-
- Academic Editor
-
-
-
†These authors contributed equally.
Brain resting-state functional networks are extensively utilized in research on psychiatric disorders. Meanwhile, pregnancy promotes specific and substantial changes in neural structure and network integration, which are most prominent in the default mode network (DMN). Prior studies have established a relationship between hypertensive disorders in pregnancy (HDP) and mental disorders. Nevertheless, the causal influence of brain resting-state functional networks on HDP is poorly understood.

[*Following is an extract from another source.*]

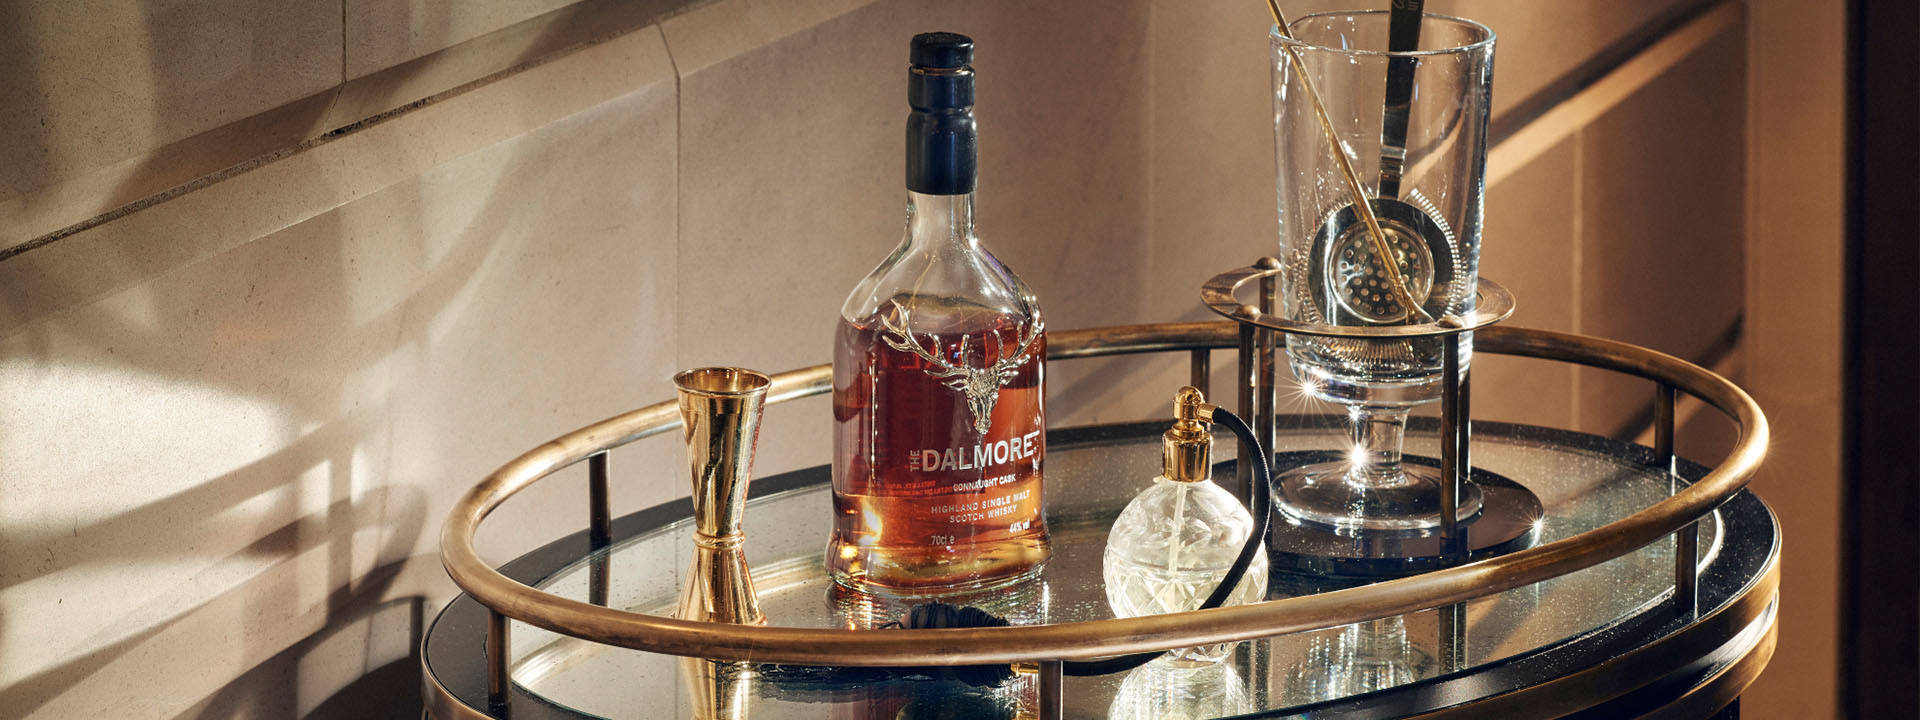 Dalmore scotch whisky on tray in the Champagne Room at The Connaught

A bidirectional two-sample Mendelian randomization (MR) framework was applied to estimate the causal effects of 191 resting-state functional magnetic resonance imaging (rsfMRI) phenotypes (sample size: 34,691) on five HDPs, and vice versa. The five HDP conditions were gestational hypertension (GH), pre-eclampsia (PE), eclampsia, chronic hypertension, and PE superimposed on chronic hypertension.
Forward MR estimates identified a potential causal relationship between one rsfMRI phenotype (attention, salience, and motor network) and chronic hypertension in pregnancy. The MR analysis of the reverse direction revealed that chronic hypertension in pregnancy may exert a causal influence on three rsfMRI phenotypes: the motor and subcortical-cerebellum network, the attention, salience, and motor network, and the subcortical–cerebellum and motor network. The causal relationship between the attention, salience, and the motor network and chronic hypertension in pregnancy was found to be bidirectional.
Our findings reveal a potential causal relationship between altered patterns of intrinsic brain connectivity and chronic hypertension in pregnancy. These results provide crucial evidence for an association between chronic hypertension in pregnancy and alterations in functional brain networks.